C’est un excellent engin dans son rôle, très utile par sa mobilité opérationnelle pour servir dans les unités de « pompiers » en arrière du front ou exploitation « cavalière » d’une brèche de celui-ci, comme pendant la bataille de septembre dans la province de Kharkiv. Il est plus simple à utiliser qu’un Leclerc et bien moins complexe à nourrir et entretenir, sauf peut-être pour les munitions de 105 mm qui sont spécifiques et dont on ignore les stocks en France. Il n'est pas fait cependant pour le combat face à des chars de bataille, aux canons plus lourds et de plus grande allonge, et se trouve bien moins protégé que ces derniers face à tout l’armement antichar du champ de bataille moderne.

Comme tout ce que l’on fournit, l’AMX-10 RC n’est également disponible qu’à peu d’exemplaires.
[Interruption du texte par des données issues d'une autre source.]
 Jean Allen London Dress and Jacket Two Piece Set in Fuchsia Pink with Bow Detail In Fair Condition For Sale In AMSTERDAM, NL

Au début de 2021, il y avait 250 AMX-10 RC dans l’ordre de bataille théorique français (mais combien de réellement opérationnels ?) et a commencé depuis cette époque à être remplacé par l’EBRC (Engin blindé de reconnaissance et de combat) Jaguar à raison de 3 par mois environ. À moins de prendre dans l’ordre de bataille, et même ainsi, on pourra difficilement engager plus de quelques dizaines d’unités. On pourra par la suite fournir les AMX-10 RC au fur et à mesure des livraisons des Jaguar, mais il y a intérêt à accélérer la production de ces derniers.

En résumé, la France va envoyer de quoi équiper dans les semaines qui viennent un bataillon des brigades de reconnaissance ou peut-être des brigades de chars ukrainiennes d’un bon engin plutôt rustique, endurant et mobile dont ils sauront sans doute faire un excellent usage, mais qui ne va pas changer le cours de la guerre. Au passage, on communique beaucoup moins sur la livraison des Bastion APC de la société Renault Trucks, un excellent véhicule léger de transport de troupes blindé, un besoin au moins aussi important pour les Ukrainiens que les chars de bataille alors qu’ils subissent de lourdes pertes en étant obligés d’utiliser des pick-up non protégés. Là encore, on n’évoque cependant que quelques dizaines d’unités. La France fait de l’artisanat.

Le plus important est sans doute ailleurs. Pour une fois, la France apparaît en pointe dans un domaine dans ce conflit, même si c’est un peu exagéré, et espère y jouer un rôle moteur. On verra si c’est suivi d’effets. Si l’Allemagne décidait d’engager des Léopards 2 A4 en Ukraine ou si les États-Unis y déployaient des Abrams M1 ou M2, on pourra se féliciter d’avoir initié le mouvement à peu de frais. Le problème est qu’il sera difficile d’expliquer pourquoi on n’engage pas non plus de chars Leclerc.